HannahVMeyer / PhenotypeSimulator

Other
28 stars 7 forks source link

Read in data from getCausalSNPs() #10

Closed blairzhang126 closed 5 years ago

blairzhang126 commented 5 years ago

Hi, Hannah,

Sorry to bother you again. I encountered a problem when reading data from getCausalSNPs command. My R version is 3.5.0. It seems that I must run the same command twice to get the correct format that I want it to be.

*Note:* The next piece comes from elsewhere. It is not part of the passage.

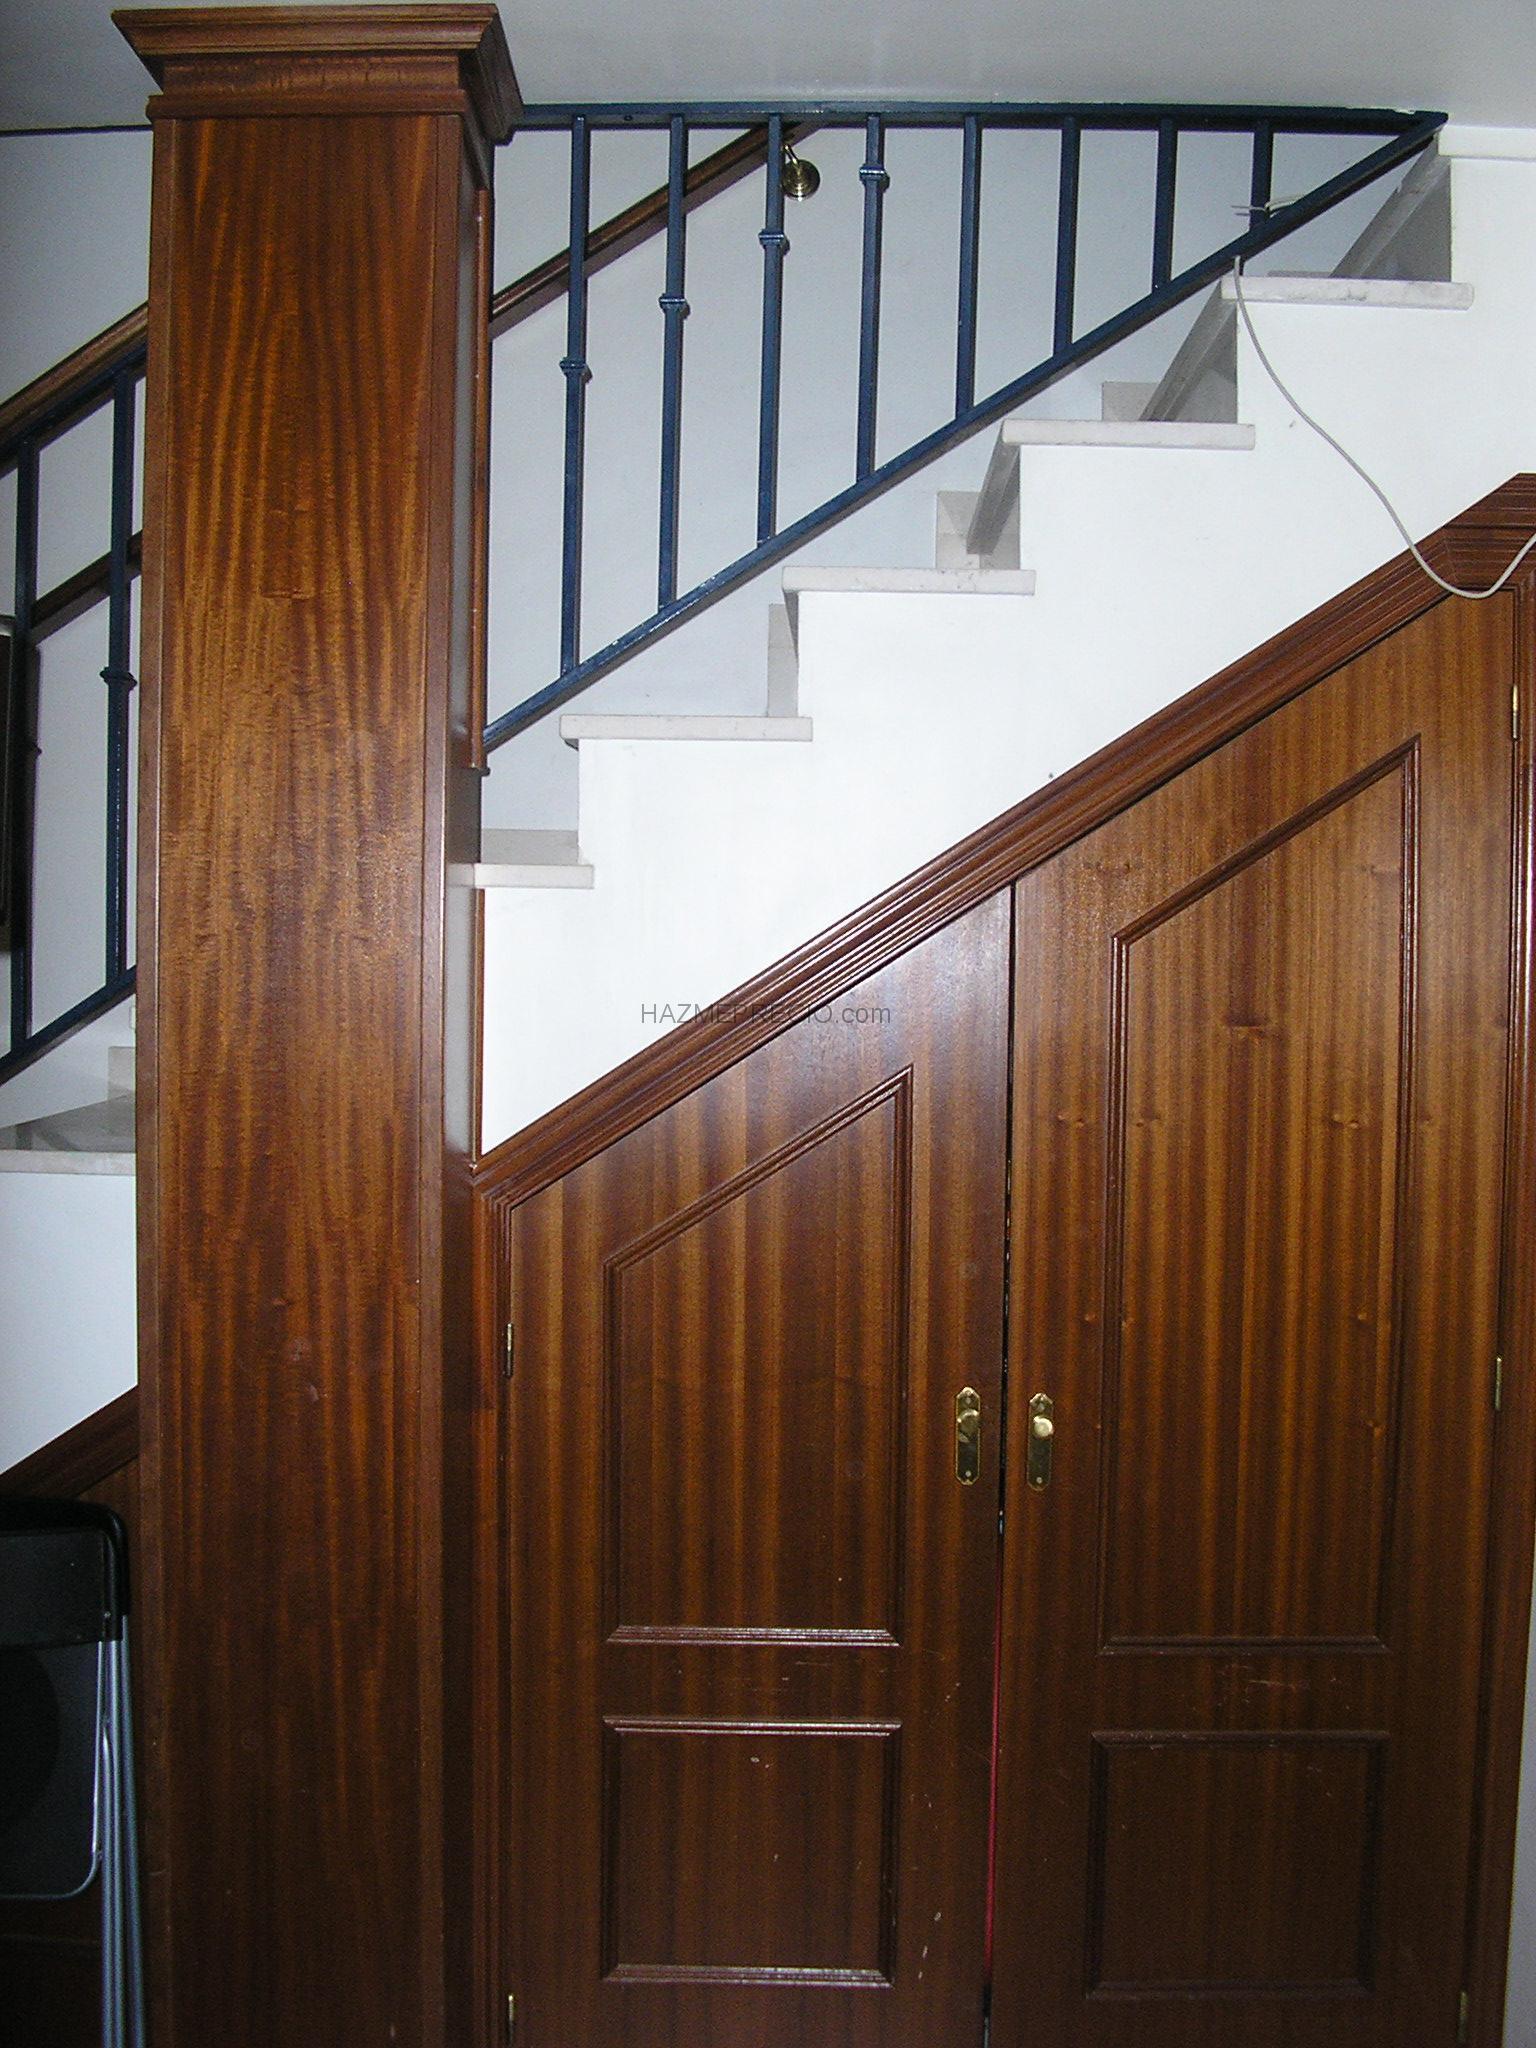 Presupuesto para hacer e instalar puerta de paso de forja for Presupuesto puertas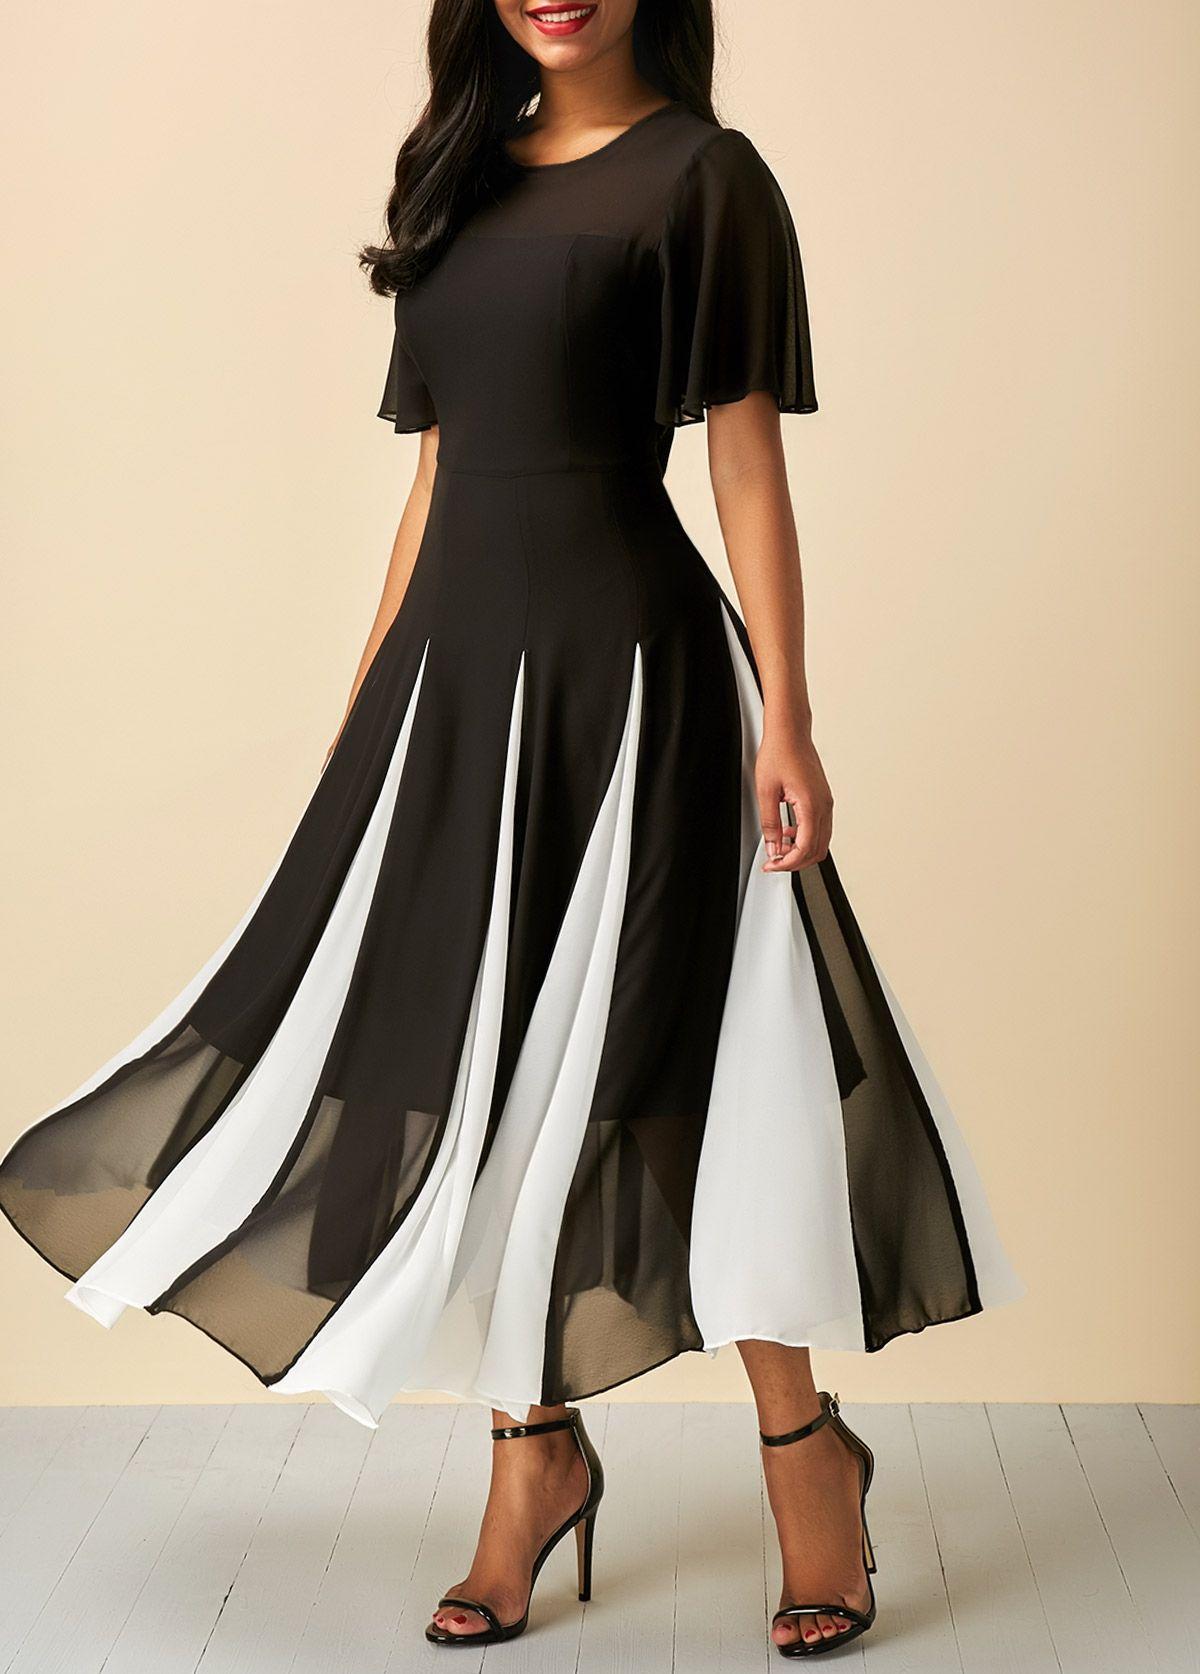 Patchwork short sleeve round neck dress satın alınacak şeyler

To give you an idea what I have done:

library(PhenotypeSimulator) set.seed(1234) causalSNPsFromLines <- getCausalSNPs(10000,NrCausalSNPs=10,chr=22,genoFilePrefix="testtime",genoFileSuffix="_10000_case_maf0.01_ld0.2_100.recodeA.raw.transpose",format="delim",delimiter=" ")

First round output:

head(causalSNPsFromLines) X rs470766_C rs2329553_T rs8136076_T rs56150635_C 22-36398040_A ID_1 "id2_10000" "0" "1" "0" "0" "0"
ID_2 "id2_10001" "0" "0" "1" "0" "0"
ID_3 "id2_10002" "0" "1" "0" "0" "0"
ID_4 "id2_10003" "0" "1" "0" "0" "0"
ID_5 "id2_10004" "0" "1" "0" "0" "0"
ID_6 "id2_10005" "1" "1" "0" "0" "0"

Of which I don't want the quote and the id number twice. If I run the exact same command again, I got the correct format like this:

head(causalSNPsFromLines) rs481709_T rs2329553_T rs4821946_G rs5759481_G rs957648_C rs3876055_A ID_1 1 1 0 0 1 0 ID_2 0 0 0 0 1 1 ID_3 2 1 0 0 0 2 ID_4 2 1 0 0 2 0 ID_5 0 1 0 1 1 2 ID_6 1 1 0 0 0 0

I hate to run the exact same command twice to get what I want. Just wanted to know if you have encountered this before. I have uploaded my data to github in case you wanted to look at or test it: https://github.com/blairzhang126/phenosim-sampledata (it's a space-delimiter file.)

Best, Blair

blairzhang126 commented 5 years ago

Hi, Hannah, no worries! I found the problem!! I'm posting it here in case other people are wondering. (feel free to close the issue)

It turns out only random seed 1234 is the problem. I tried 123 and 12345, they both gave me correct format. That's the reason why I need to run twice to get the correct format because the random seed for the second time is not 1234 anymore. The one with random seed 1234 will not work!

I hope these are not confusing to people and feel free to comment if you have any.

HannahVMeyer commented 5 years ago

Hi Blair,

thank you for pointing me to this issue and providing the sample data!

The problem occurred because getCausalSNPs was not designed to handle a header line when sampling from a delimited file:

If format== delim, the first column in each file needs to be the SNP_ID and files cannot contain a header. (from Details in ?getCausalSNPs)

The seed you choose at random happened to lead to sampling of the first row in the file which was the header. I have now included an option to specify if the file contains a header and additional checks to make sure the right data is received when sampling from the genotypes file. This is available now on the current github version (v 0.3.2). I will keep this issue open till this fix is also up on CRAN.

Thank you for raising this issue, Hannah

HannahVMeyer commented 5 years ago

Latest release including this fix on CRAN (v0.3.3), closing this now.